I would be pleased to contribute to any of these topics if it can help. Comments and questions welcome
In addition, here is the alternate keepalived config file I finally use, for reference:
global_defs {
script_user root
enable_script_security
process_names
router_id router_1
}
vrrp_script rsync {
script /etc/keepalived/scripts/rsync.sh
interval 60
weight 100
}
vrrp_instance VI_1 {
authentication {
auth_type PASS
auth_pass XXXXXXXX
}
state BACKUP
interface lan
unicast_src_ip 192.168.1.1
virtual_router_id 1
priority 100
advert_int 1
debug 2
garp_master_delay 1
garp_master_refresh 1
garp_master_repeat 1
garp_master_refresh_repeat 1
nopreempt
notify_backup "/bin/busybox env -i ACTION=NOTIFY_BACKUP TYPE=INSTANCE NAME=VI_1 /sbin/hotplug-call keepalived"
notify_master "/bin/busybox env -i ACTION=NOTIFY_MASTER TYPE=INSTANCE NAME=VI_1 /sbin/hotplug-call keepalived"

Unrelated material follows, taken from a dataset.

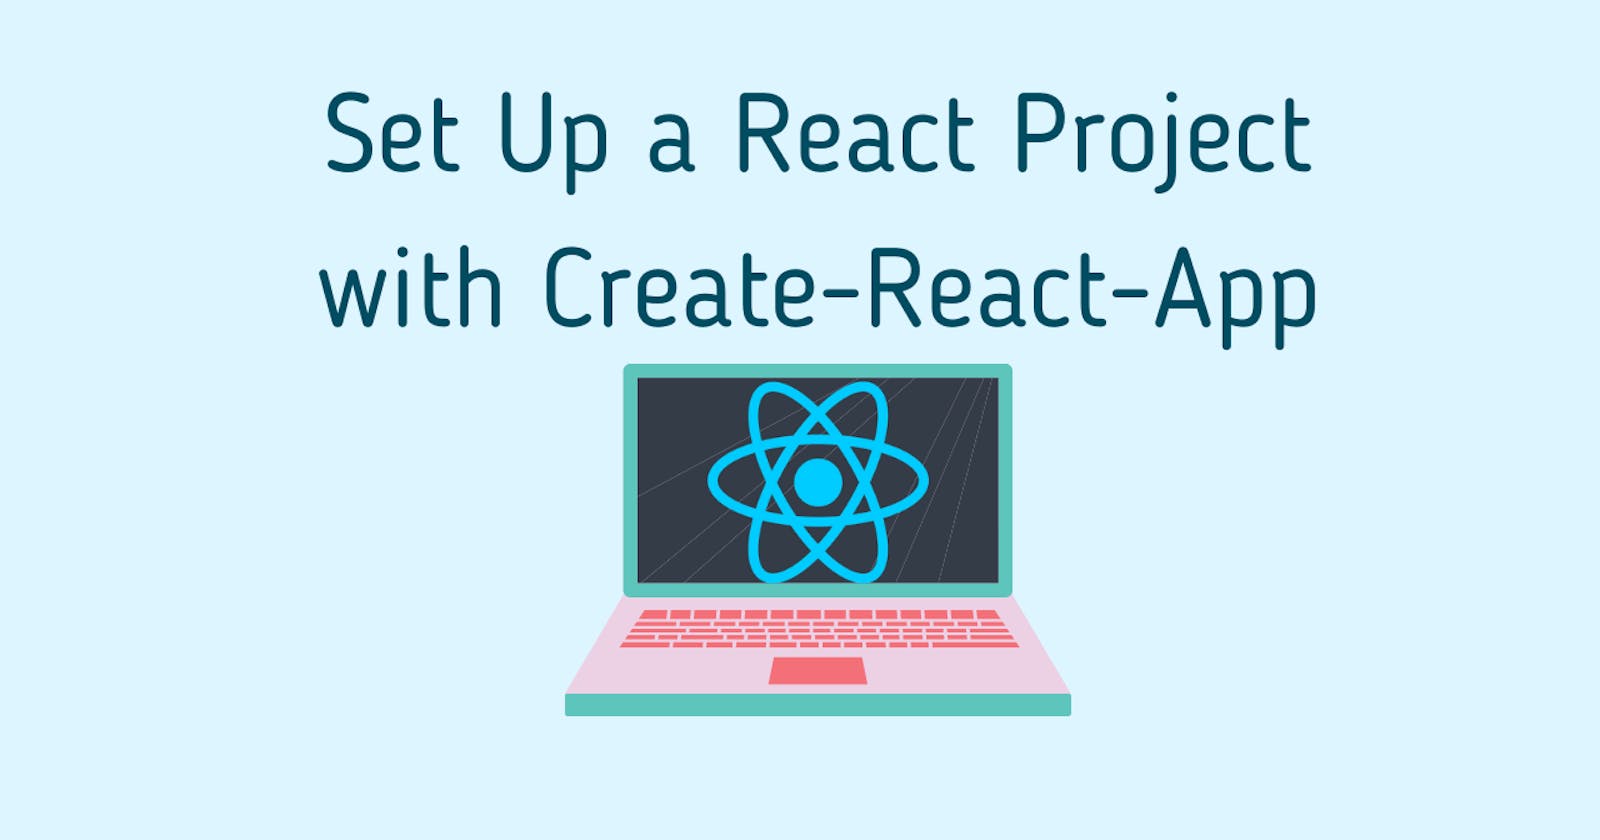 Set Up a React Project with Create-React-App
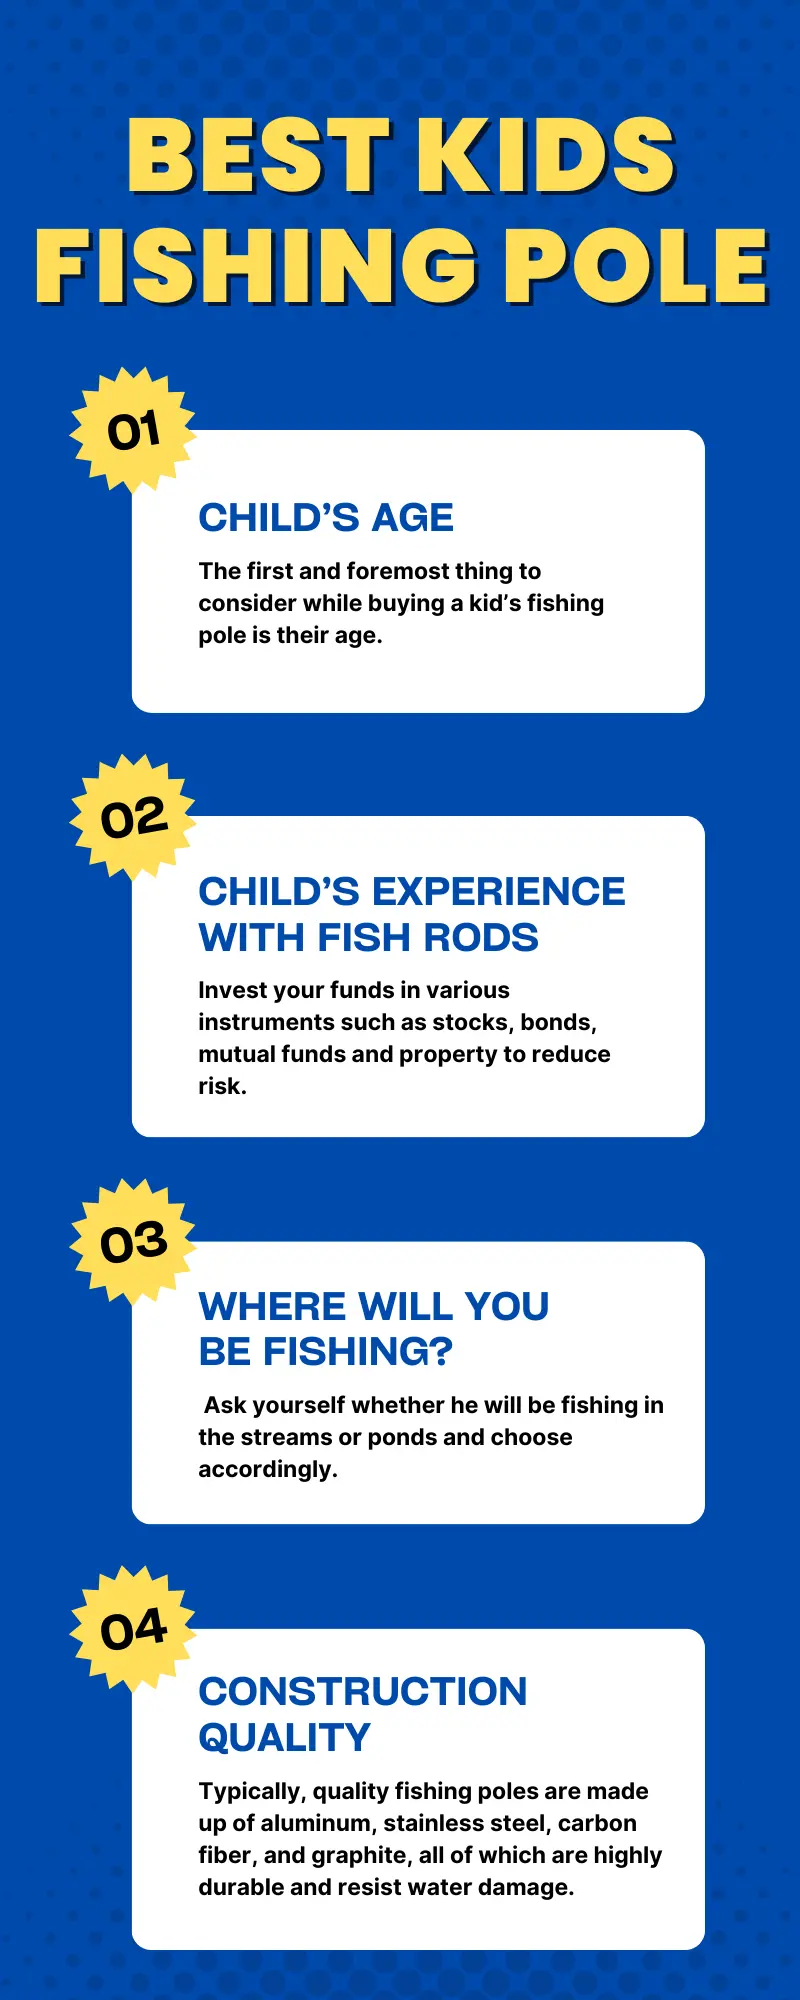 How to Find the Best Kids Fishing Pole

notify_fault "/bin/busybox env -i ACTION=NOTIFY_FAULT TYPE=INSTANCE NAME=VI_1 /sbin/hotplug-call keepalived"
notify_stop "/bin/busybox env -i ACTION=NOTIFY_STOP TYPE=INSTANCE NAME=VI_1 /sbin/hotplug-call keepalived"
virtual_ipaddress {
192.168.1.2/24 dev lan label lan:vip scope global
192.168.100.2/24 dev dmz label dmz:vip scope global
192.168.110.2/24 dev iot label iot:vip scope global
192.168.120.2/24 dev wan label wan:vip scope global
}
virtual_routes {
src 192.168.120.2 0.0.0.0/0 via 192.168.120.1 dev wan metric 5
}
track_script {
rsync weight 100
}
}
Thanks Pedro, I'm on that track too but I had to do other stuff and I couldn't take the job to the end. As you already have your hands on the topic, allow me to advice for you to translate this text into a code patch. If you have some more time to commit on this topic.
Because writing on the forum might end up here; and it's a pity to loose your work. If you produce a patch and attach to some issue tracker instead (ex: the one on github repo, as we are not permanent developers so we can't access the main repo), there are more chances for some of the actual developers to discuss the patch with you inside the issue you opened, and finally include your findings in the upstream.
I don't know current practices of openwrt's developers, but having a patch ready to be merged might be just a few clicks away from upstream for some of them. If you don't serve your findings in a patch, they should spend more time to implement and test if your findings are good or not...
Basically you need to git clone openwrt repo, mod and test, make the patch and attach to an issue. You can also use github's features to fork, mod and issue a pull request.
You are right @anichang. Unfortunately I have also very little free time for it. I'll do my best for proposing something in the coming weeks nevertheless.